Recently, the EU General Data Protection Regulation (GDPR) came into effect. You’ve probably heard all about it (or at least seen the absurd amount of ‘update privacy policy’ emails in your inbox). In any case, the GDPR attempts to regulate data protection for EU citizens, and is applicable to any organization that deals with EU citizens.
The GDPR has many implications for any software or organization that processes data. However, if you are considering implementing event sourcing in your application (or have already done so), there are a few provisions in the regulation that have specific implications for event sourced applications.
Consent
One of the requirements of the GDPR is that an organization should be able to prove it has consent to process someone’s (personal) data. The consent must be very specific, and it should be able to withdrawn at any time.
For example, if you use the same personal data to send a newsletter, perform data analysis and do retargeting, you must have consent for those actions individually and support individual withdrawals of consent.
Demonstrating consent was given is easy when that consent was recorded as an event.
Right to Erasure
Without a doubt, the most interesting article in the regulation (at least when it concerns event sourced applications) is Article 17, “Right to Erasure”.

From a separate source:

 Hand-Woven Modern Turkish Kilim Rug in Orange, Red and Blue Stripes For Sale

“… the data subject shall have the right to obtain from the controller the erasure of personal data concerning him or her without undue delay and the controller shall have the obligation to erase personal data without undue delay…”
Whenever an Article 17 request is received, we first have to identify all the events that contain personally identifiable information of/for the requestor. and either (sufficiently) anonymize those events, or remove them altogether.
Challenge: immutability
Individual events are generally considered immutable. After all, events are a reflection of history, records of something that happened. Multiple events form event streams, persisted in event stores that are append-only. In fact, some implementations are even backed by immutable storage (such as Kafka, or a WORM drive).

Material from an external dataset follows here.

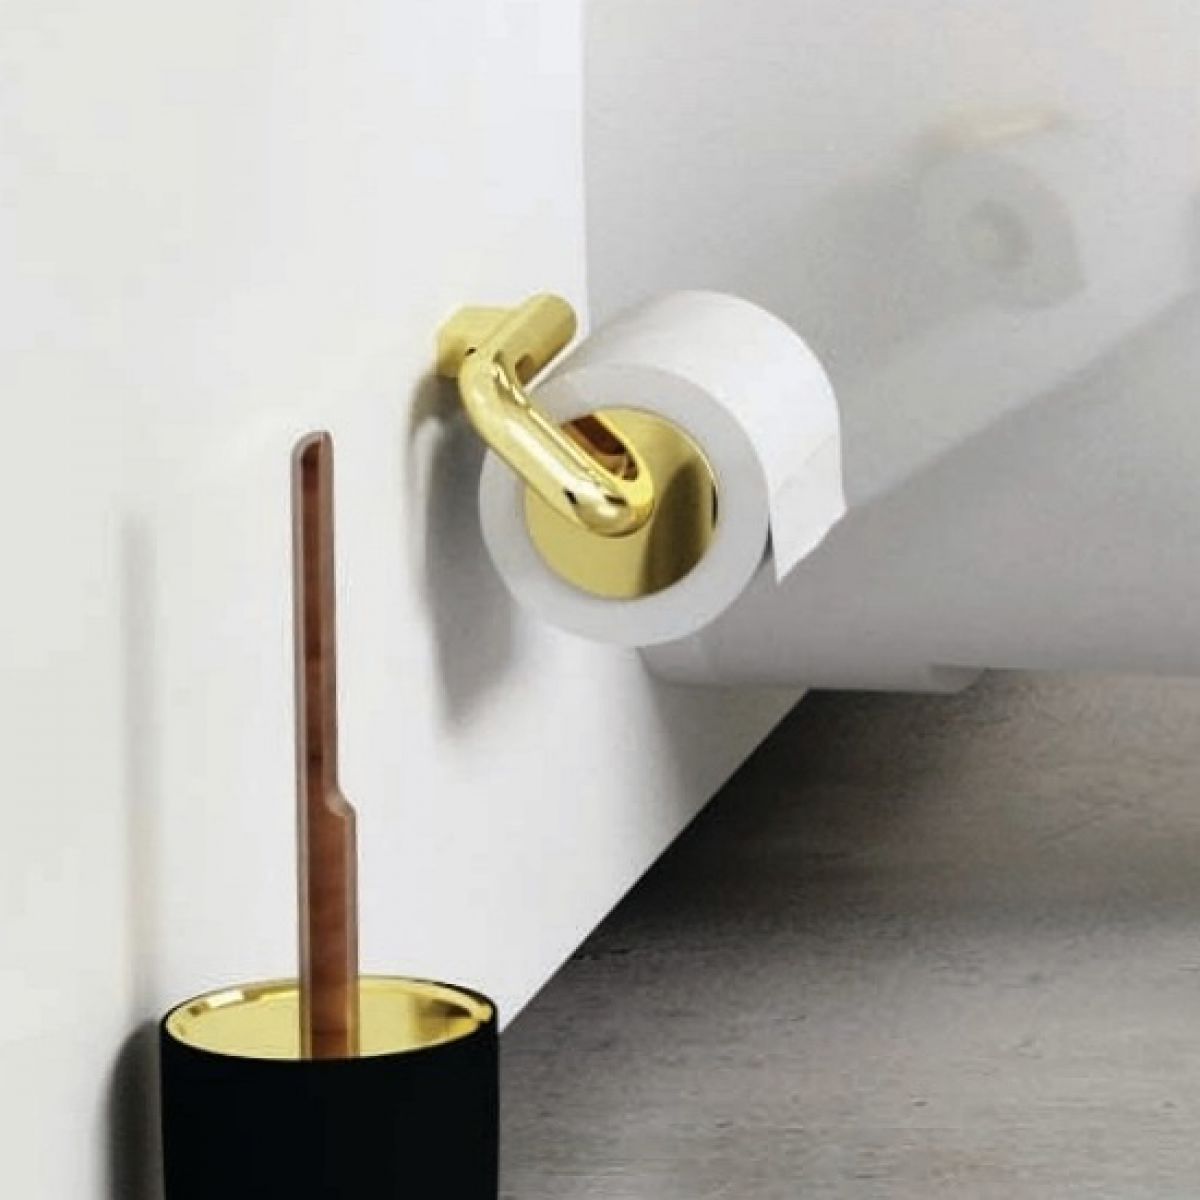 picture of a toilet roll holder

Append-only event stores with immutable events have their own special advantages. Events can be cached ad infinitum and form the basis of a stable audit log. Any mistakes, errors or missing information in previously persisted events are typically dealt with by applying corrective events (similar to an accountant’s ledger) or using upcasters.
However, when you need to erase or anonymize personal information, those strategies are no longer an option, as they’ll both leave the original data intact (and you non-compliant!).
One option is to create a copy of the original event stream, filtering out the affected events, or including anonymized versions of those events. When that process is complete, the original stream should of course be discarded.
Don’t store personal information in events
Another way of dealing with this is using a mix of event sourcing and (regular) database tables. The idea is that personal information is longer stored inside events themselves, but in another database or storage solution.
Whenever an event is read by the system, the associated personal information is then retrieved from the secondary database and merged with the event.
Dealing with an Article 17 request is then reduced to finding the right entry in the secondary database and removing it. Any subsequent reads of the event will leave that event essentially anonymized.
Crypto-trashing/shedding
The last technique I want to discuss keeps the personal information inside events, but encrypts that data using a unique key (that is either associated with the event, or an aggregate). The encryption key is stored in and retrieved from a (centralized) key management system. Events are decrypted automatically before they are handled by domain code.
Whenever an Article 17 request is received, the appropriate key is looked up and promptly removed (forgotten). Thus, rendering the personal information unreadable and effectively removed.